Final thoughts: Is Refinancing Worth it?
So far, we have figured out how to refinance a car loan in several easy steps.
But is it worth it? There is no one size fits all answer. It should be evaluated on a case-to-case basis. If you’re on the fence, consulting with a refinancing broker is a good idea.
Refinancing a car loan can cause a slight dip in your credit score, as most lenders run a hard inquiry at some point in the approval process. The impact is approximately five points, which isn’t significant. But if you apply with several financing providers, that number multiplies. Yet, regular and timely payments will bring your credit score back to its previous levels after several months.
Some companies run only a soft credit check on their potential clients to present them with an offer. So that’s also an option worth considering, especially if you want to compare companies’ terms.
To refinance car loans, you must submit:
- requested loan amount
- proof of identity, employment, and residence
- annual gross income
- vehicle title
- outstanding amount owed to the original car lender
Companies may impose different requirements (and restrictions) for your application based on your credit score, vehicle make/type/age, and loan amount.

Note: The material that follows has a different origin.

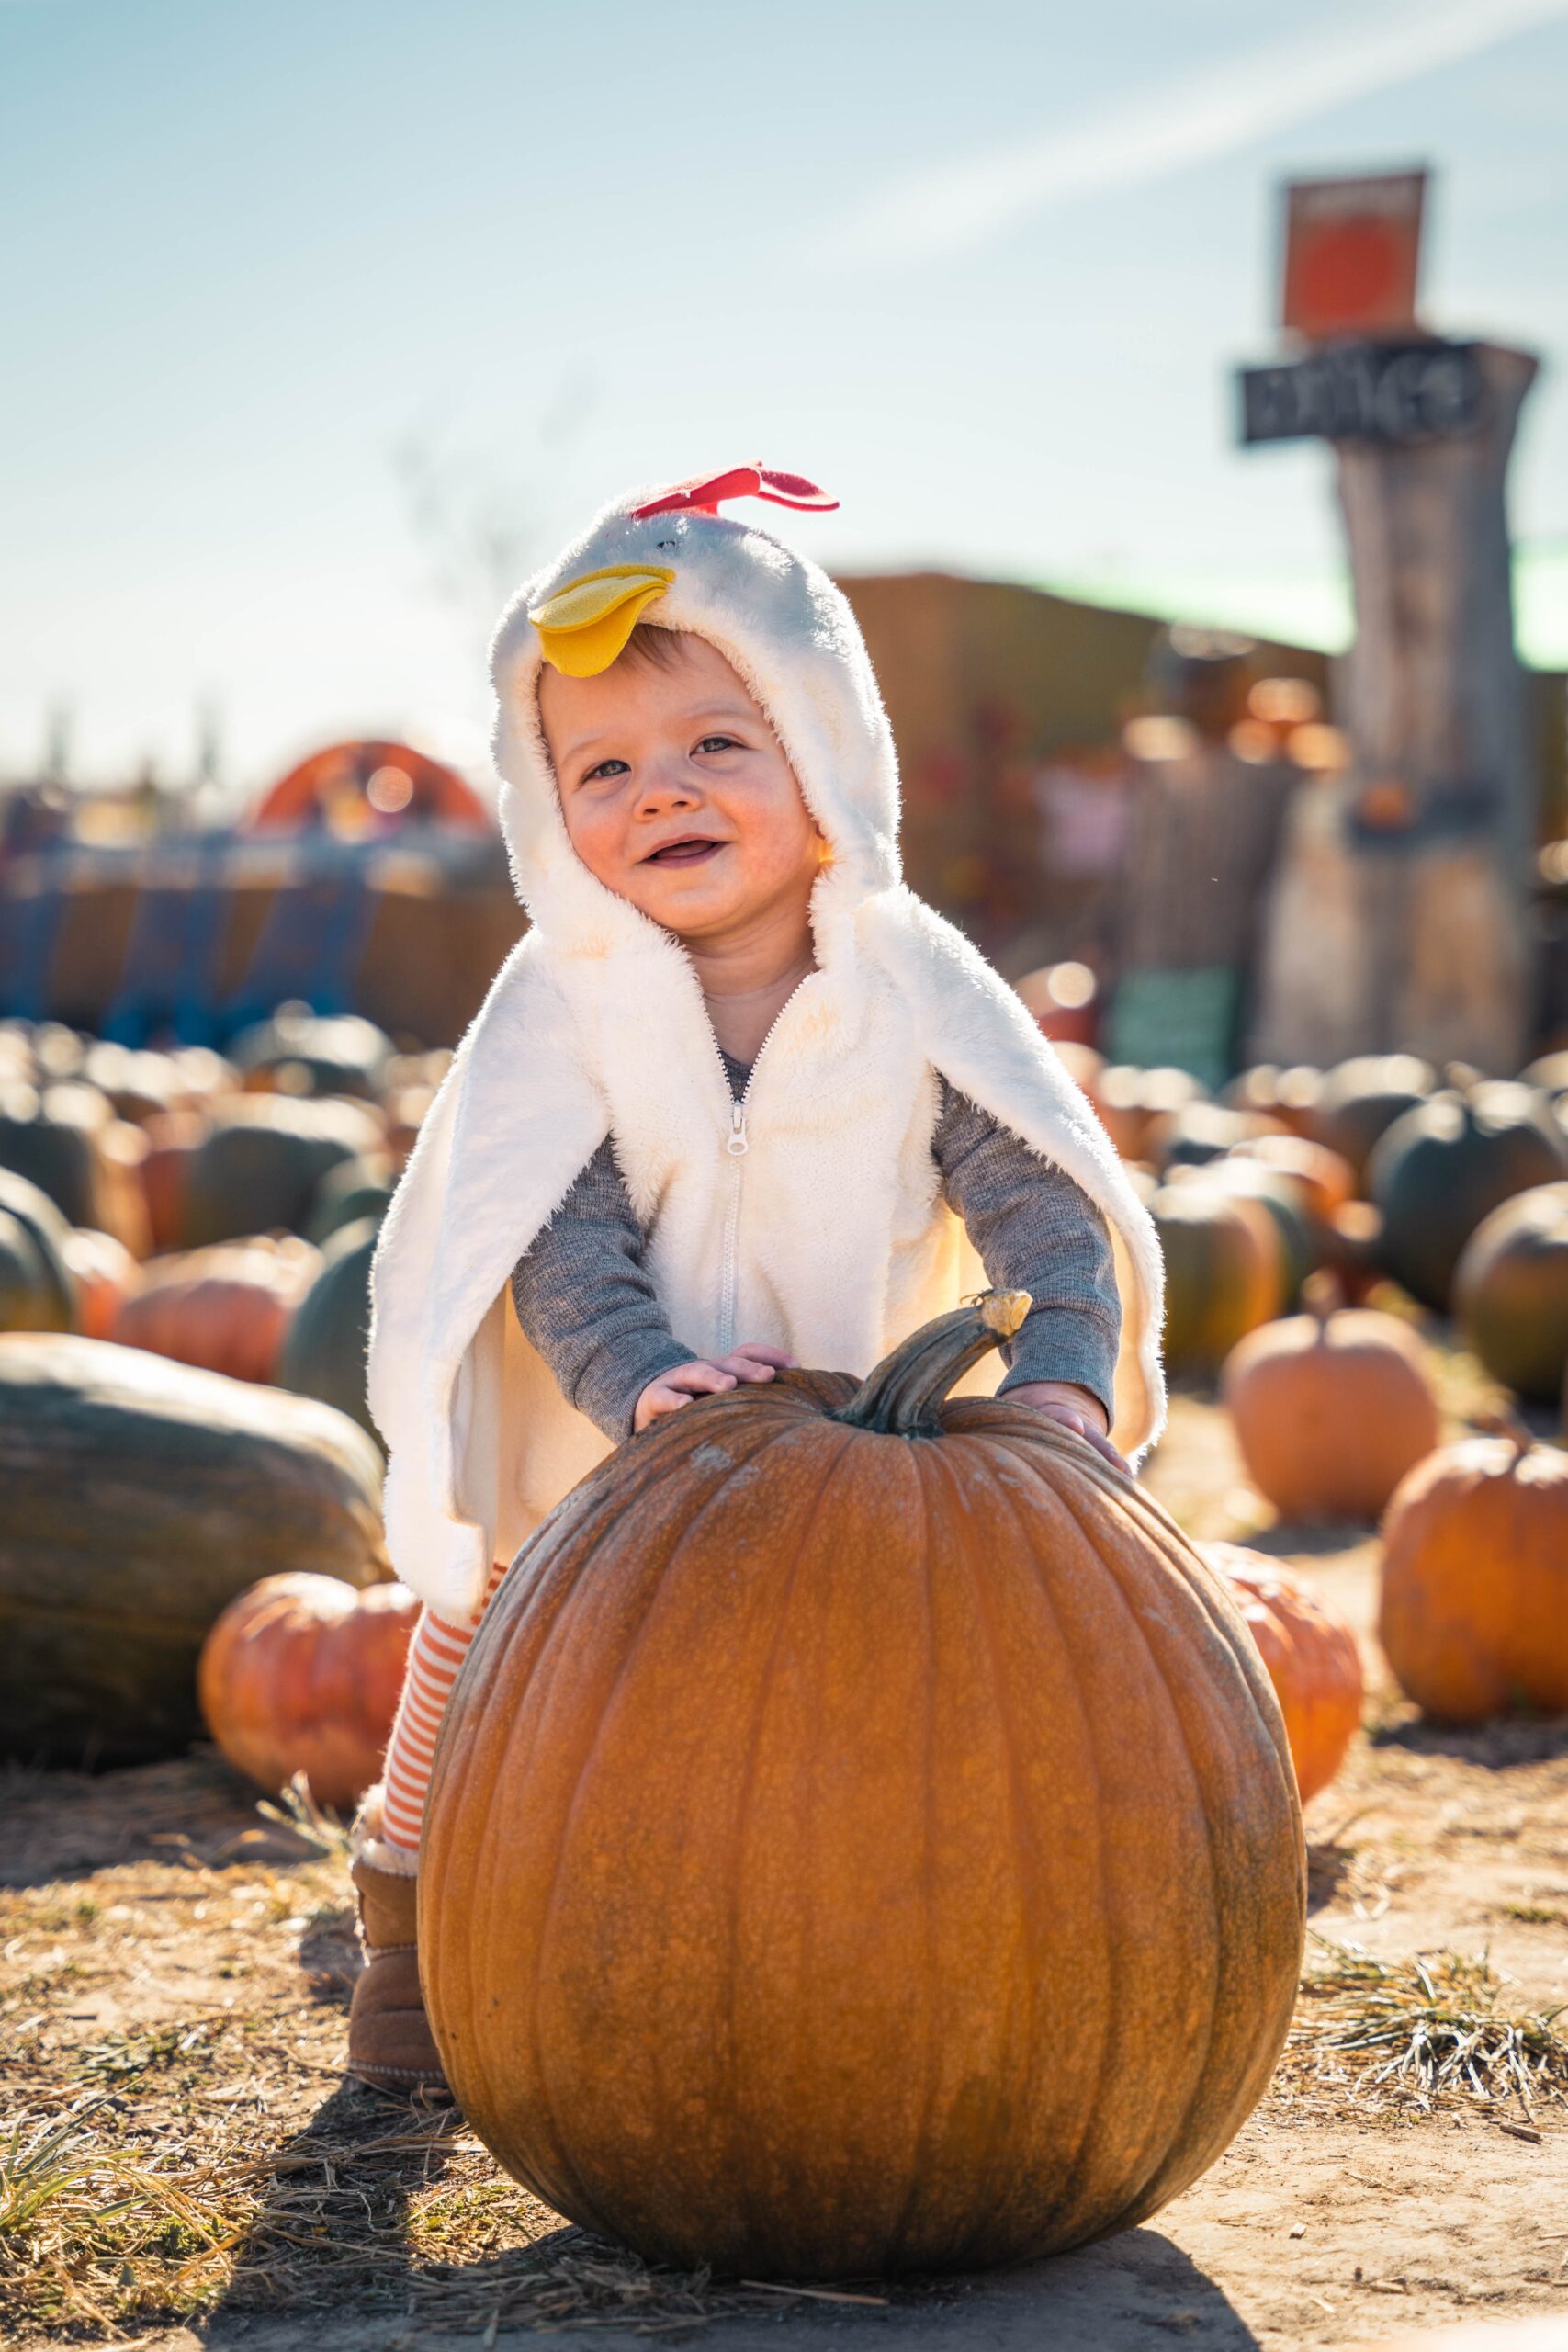 Baby in a costume holding a pumpkin

The best places to refinance a car require a minimum credit score between 500 to 660. The exact number depends on the company and its policies.
The cost to refinance a car loan can vary depending on the provider, the origination/application fees, the state’s title transfer fees, and your vehicle type/make/age.
Some lenders may require you to put additional money down if your car’s current value is lower than the requested credit amount.
To refinance a car loan with bad credit you can resort to one of the lenders specializing in financing people with poor credit history. They typically have a lower or no minimal score requirement and accept applicants who had been turned down in the past.
But if you have a bad credit score and wonder how to refinance a car loan, bear in mind that the idea may not always be a good one. There are refinancing risks, such as prepayment penalties, origination fees, and extended loan life, which may offset the potential savings or even rack up costs.
The best advice is to check if you pre-qualify for better refinancing terms on your loan with providers who offer checks without impacting your credit score. Then, compare the rates and fees. You can also use a car refinance calculator to assess your situation and offerings.